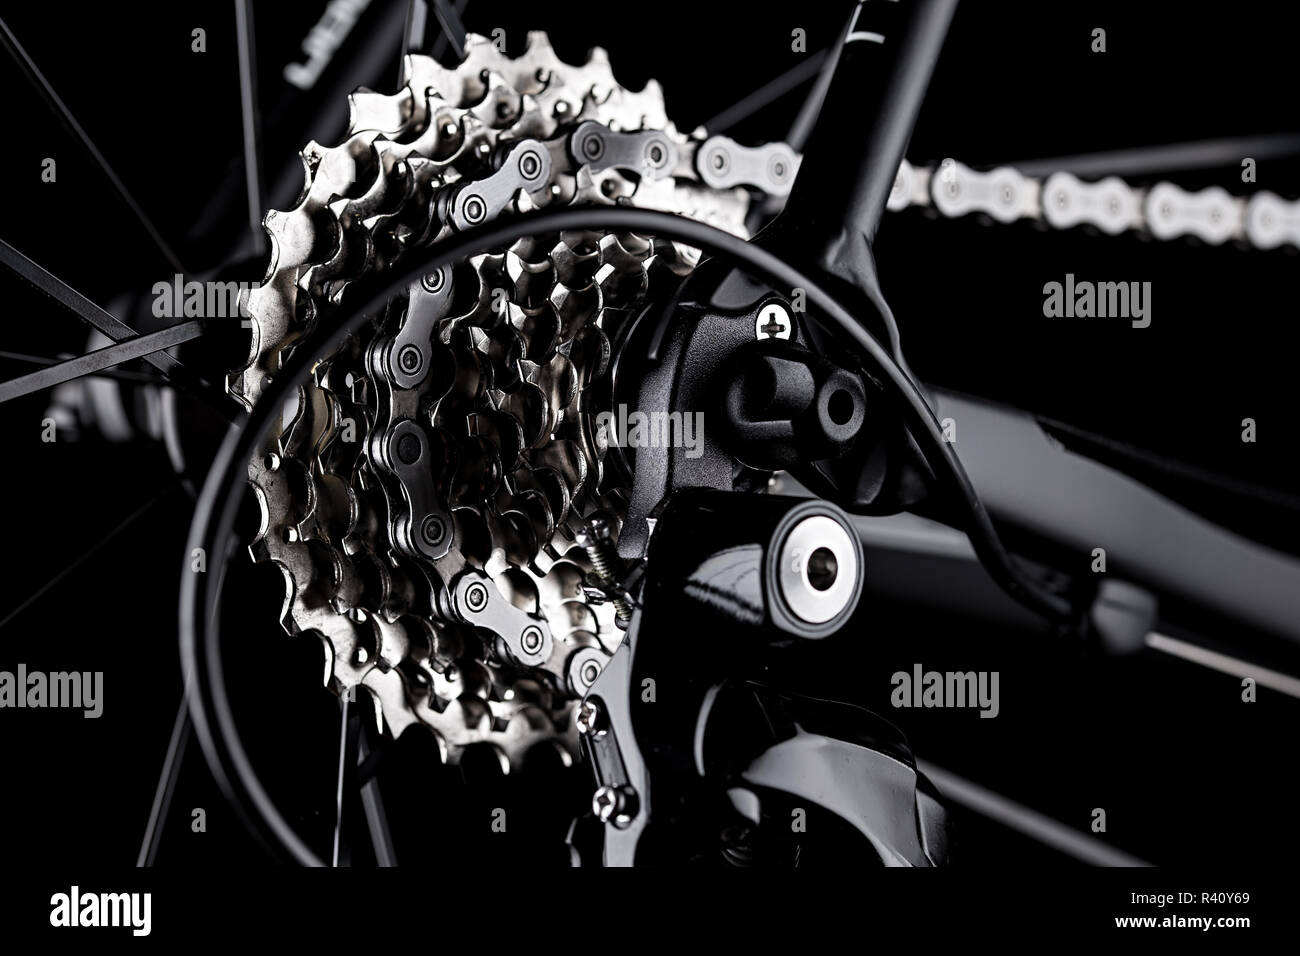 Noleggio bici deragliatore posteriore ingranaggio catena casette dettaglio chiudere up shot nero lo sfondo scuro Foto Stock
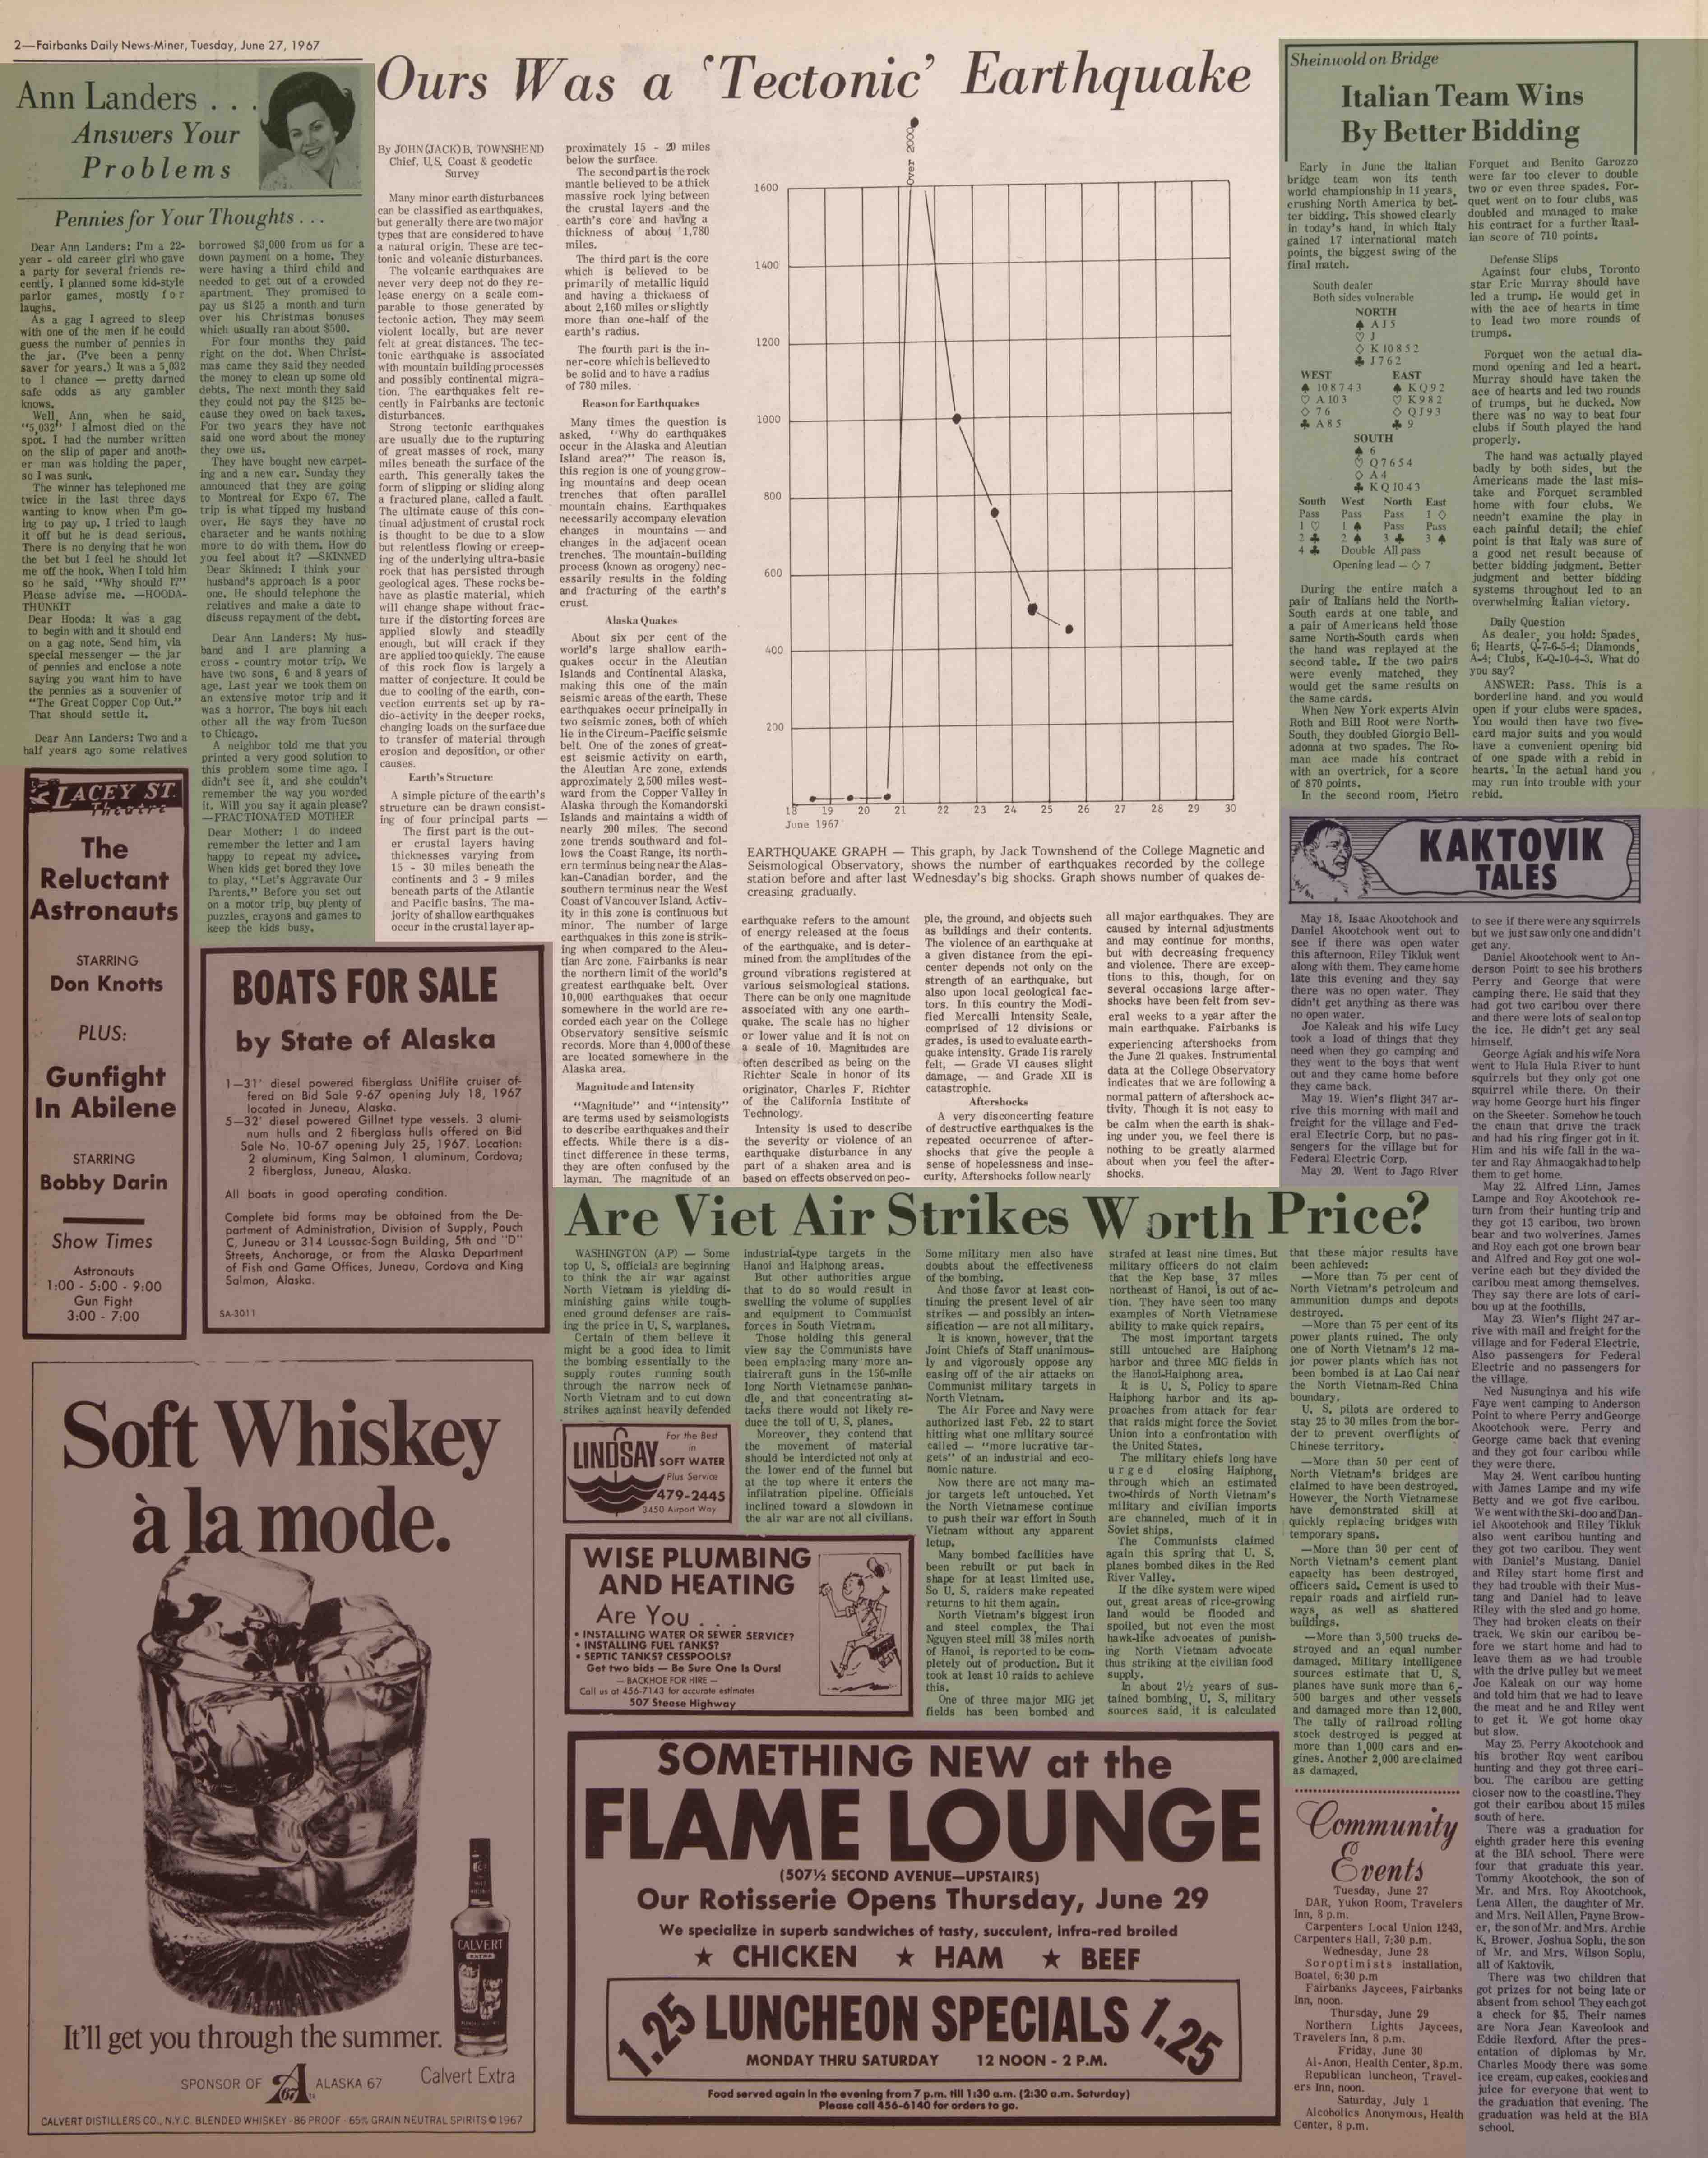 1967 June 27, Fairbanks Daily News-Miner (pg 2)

━━━━━━━━

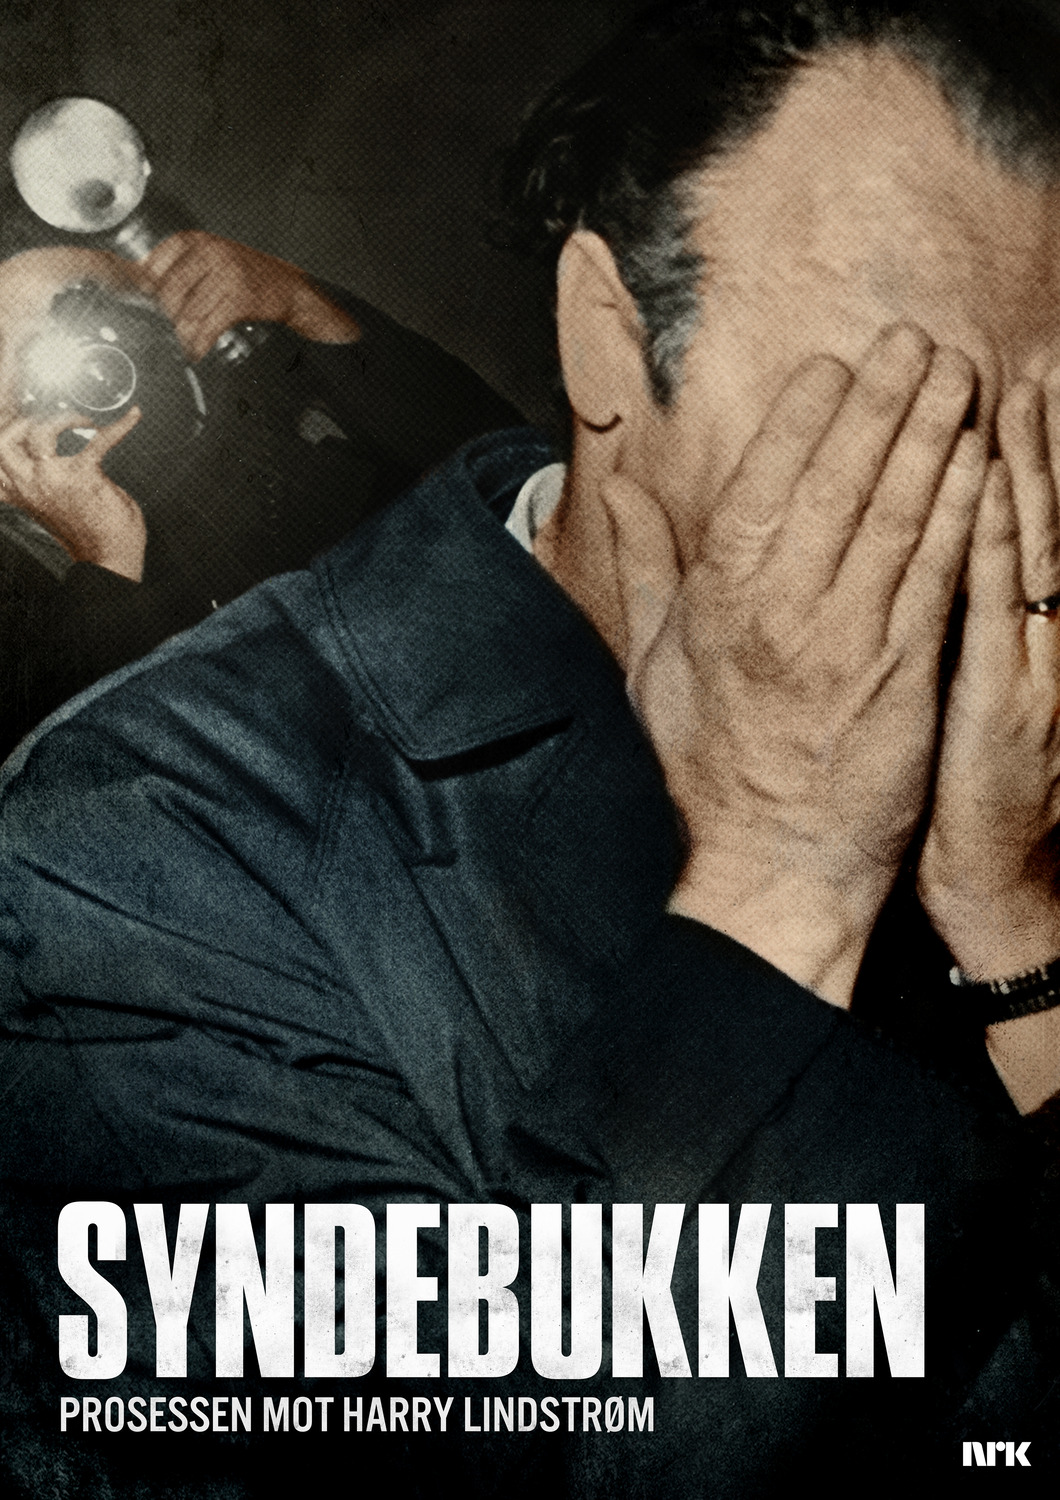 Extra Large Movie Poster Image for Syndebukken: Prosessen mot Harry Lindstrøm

━━━━━━━━

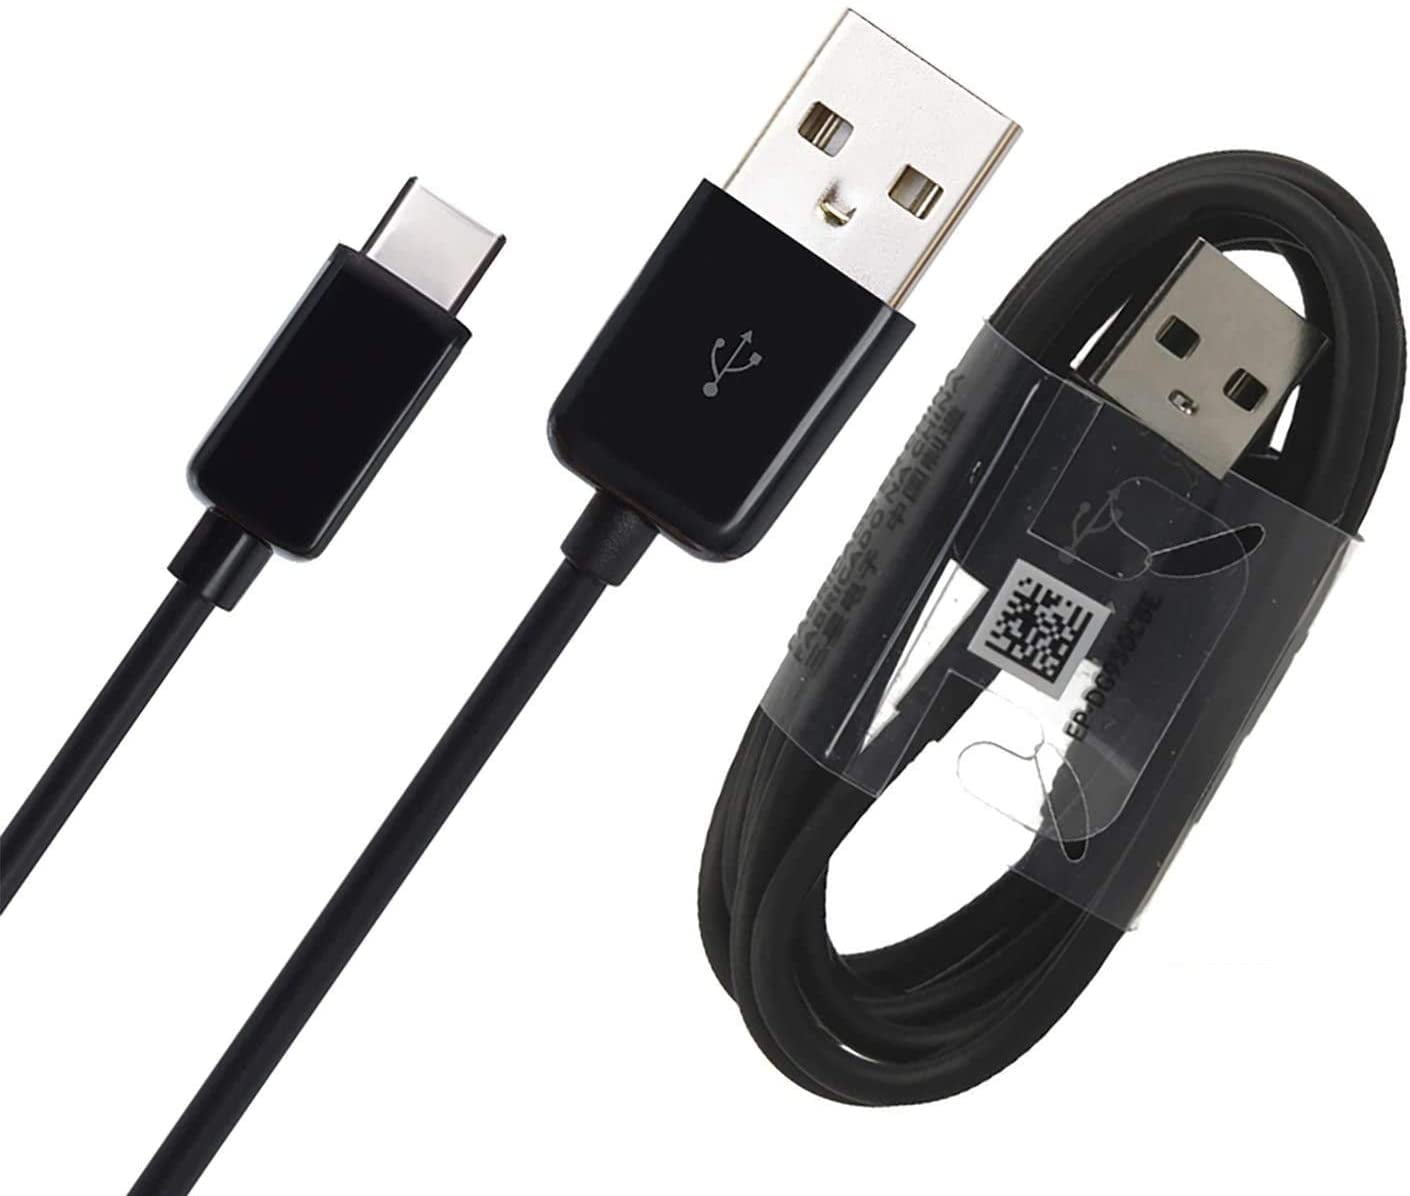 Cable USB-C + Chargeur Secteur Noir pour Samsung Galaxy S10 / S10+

━━━━━━━━

Try it -> In the data above, find the line containing "Noleggio bici deragliatore" and the line containing "1967 June 27, Fairbanks". Copy exactly the stretch from the first through the second, both included, leaving out any picture.

Solution to the problem ->
 Noleggio bici deragliatore posteriore ingranaggio catena casette dettaglio chiudere up shot nero lo sfondo scuro Foto Stock
 1967 June 27, Fairbanks Daily News-Miner (pg 2)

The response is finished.